I love pop music. Better yet, I love crappy pop music. Give me NSYNC, JoJo, Britney Spears, or anything of that nature and I will shake my way-past-middle-school-age ass all night long. (I even have a great case for why Ashlee Simpson’s Autobiography was possibly the best album of 2004, but I won’t go into that now.) In it’s truest form, pop music is fast, appealing, fun, and slickly produced. Kanda is this exactly, but with something very unique and un-characteristic of the genre: substance.

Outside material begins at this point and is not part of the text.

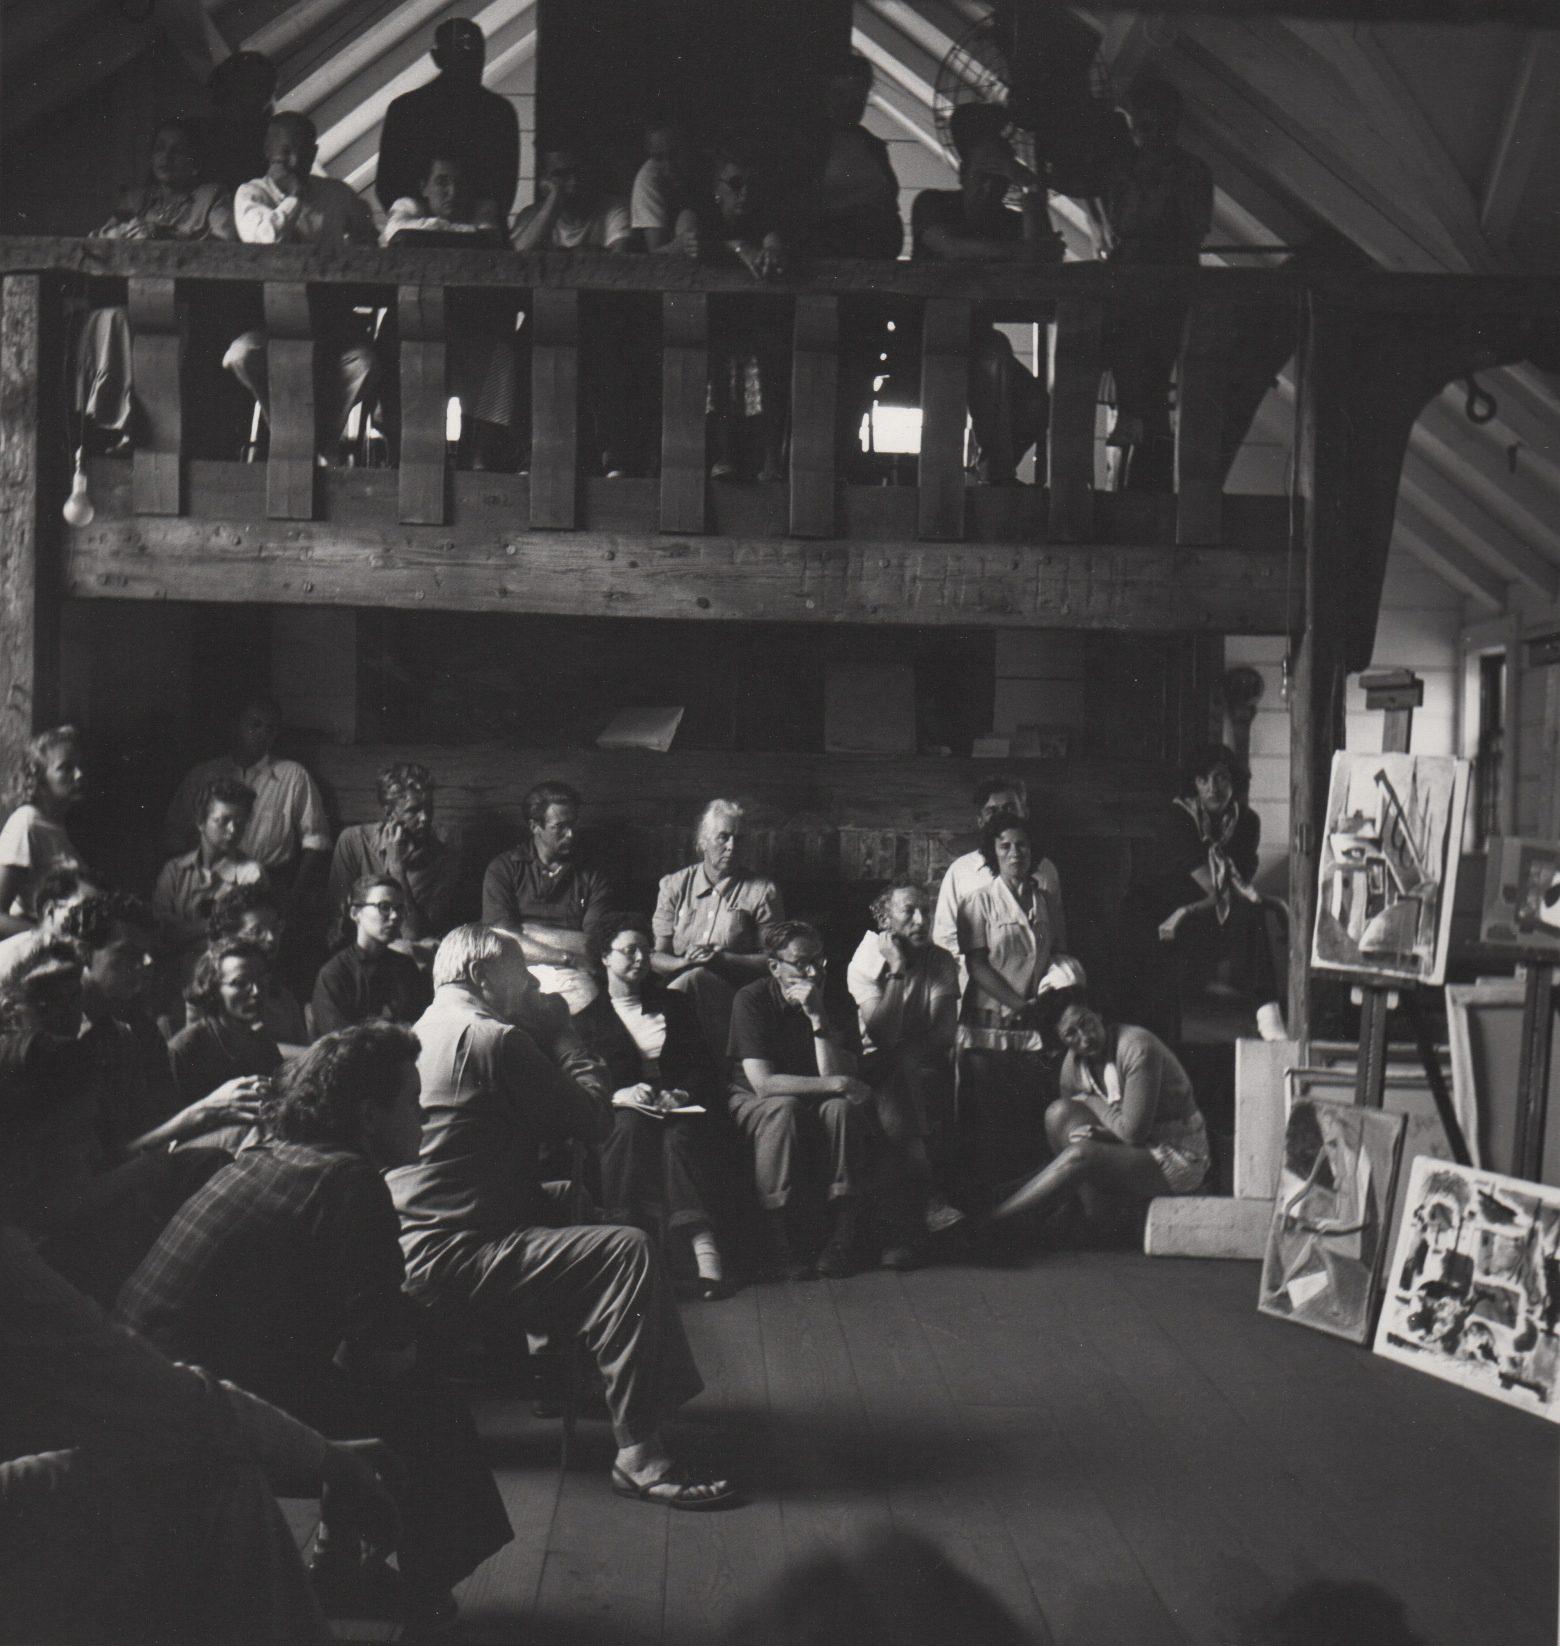 Hans Hofmann Friday Night Critique, 1948 - Provincetown, Ma. School (View #1)

On their second effort, All the Good Meetings are Taken, Kanda comes out pushing the nursery rhyme candor of the Moldy Peaches, if the Peaches had ever made it past the 5th grade. The first track, “Arctic,” is a static nod to two things that go hand in hand: love and dancing, opening with the amusing line “You melt the arctic every time you dance/ the ballroom’s not at all/ but you would take a chance.” Every song bounces and bubbles, carrying themes ranging from cocaine to hipster dancing in white pants to telephones.

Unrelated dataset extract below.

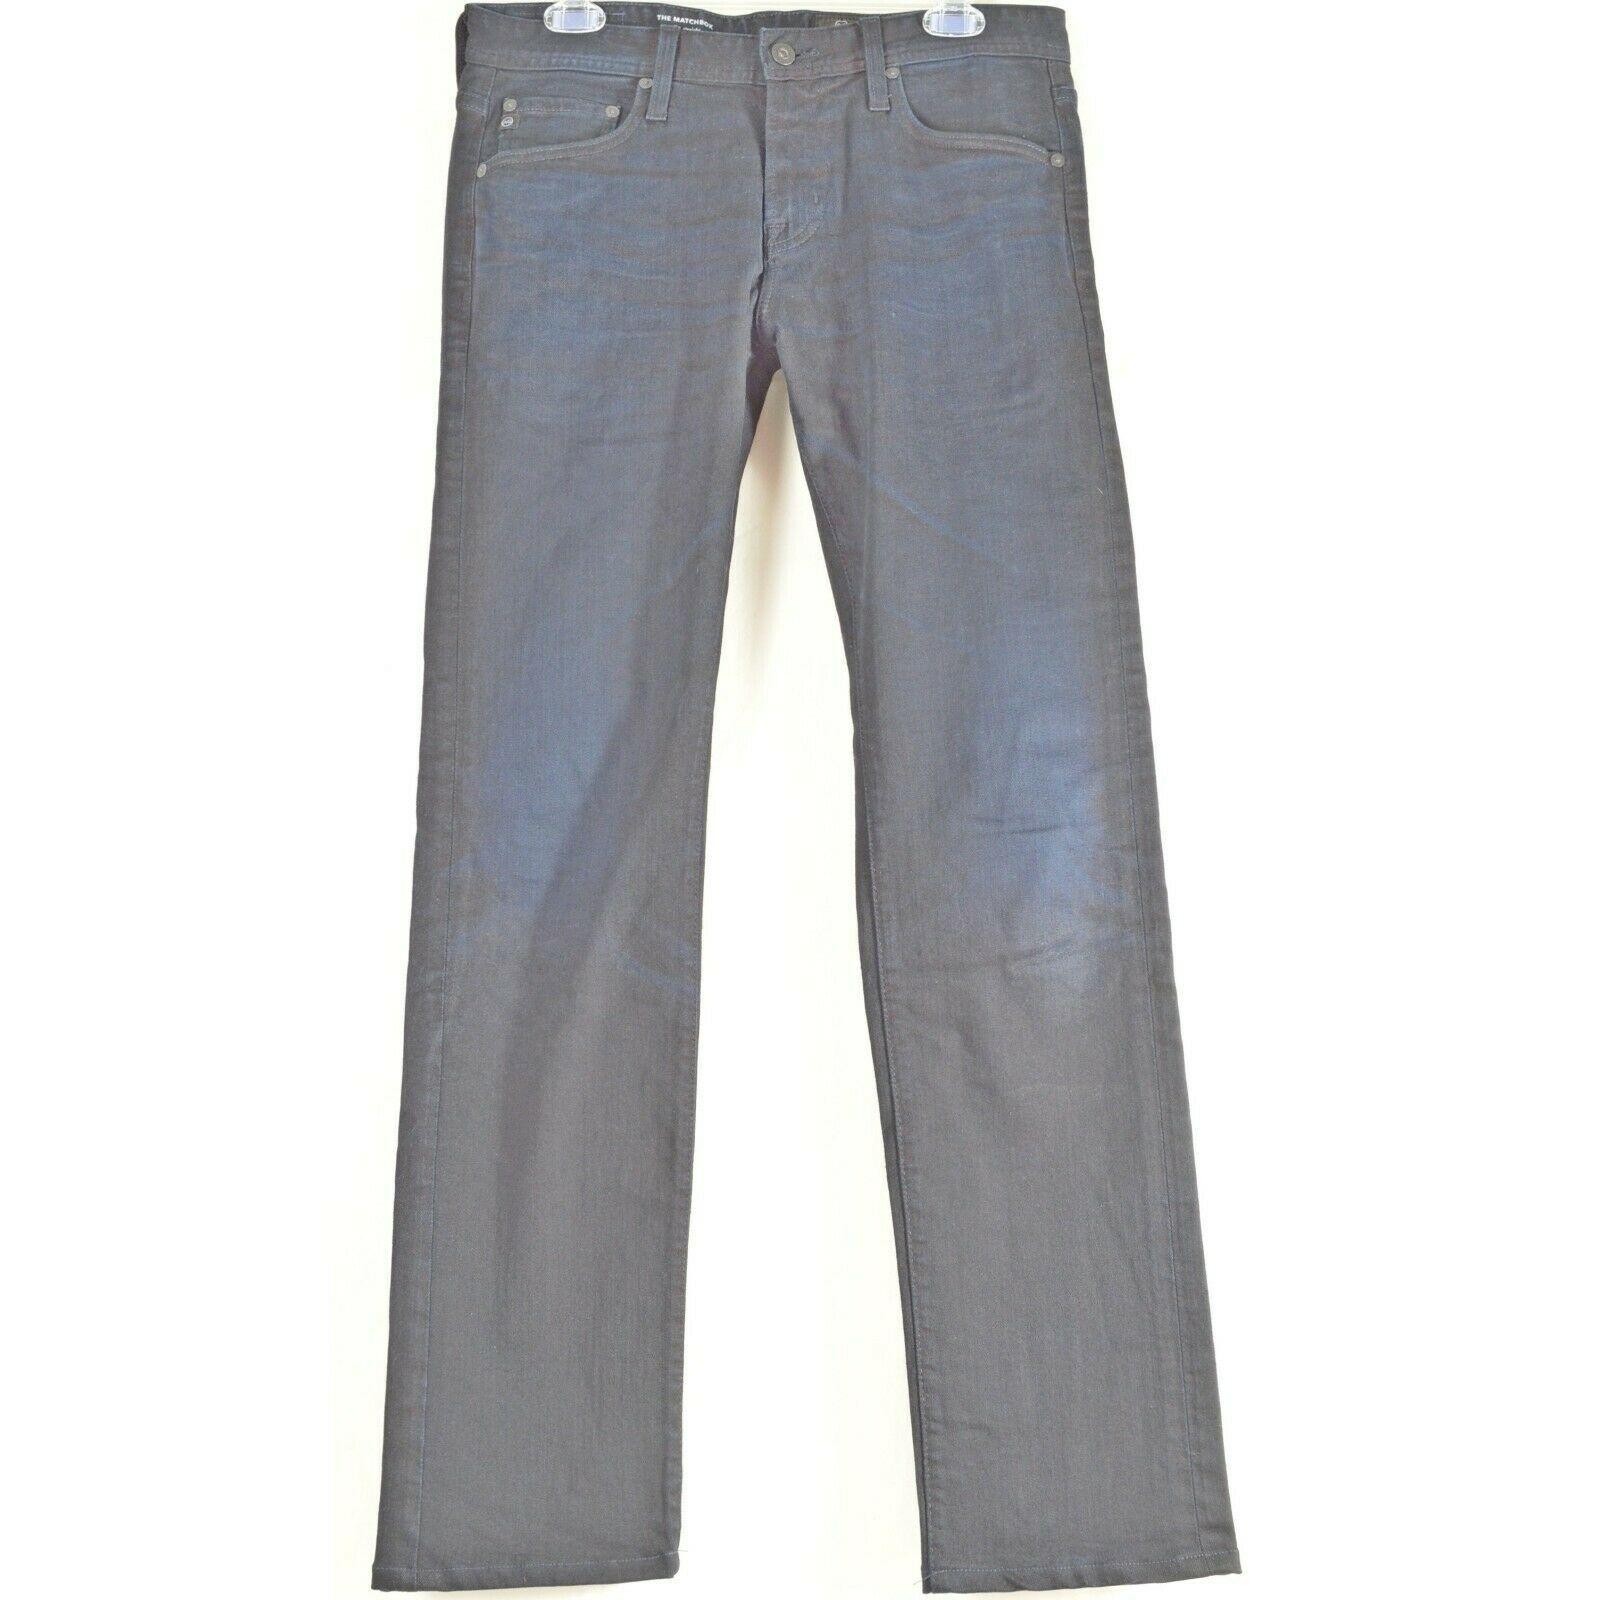 AG Adriano Goldschmied jeans 30 x 34 men Matchbox dark Slim Straight tall unique image 11

In a perfect world, pop music would be moving in an artistic direction, and Kanda would ideally be at the forefront. Unlike the neo-traditional pop artists currently sinking their teeth deep into the mainstream, the two faces that make up Kanda (Arland Nicewater and Akina Kawauchi) write and perform all of their own music. They also don’t resemble 45-year-old Swedish producers that have mysteriously infiltrated the American pop scene (see: Britney’s release Baby One More Time.) All Good the Meetings are Taken proves the obvious: Kanda are witty and striking, smart and cute. They are kinda like that spunky blonde underage girlfriend with a Monroe-piercing who wears a Her Space Holiday t-shirt that you never had.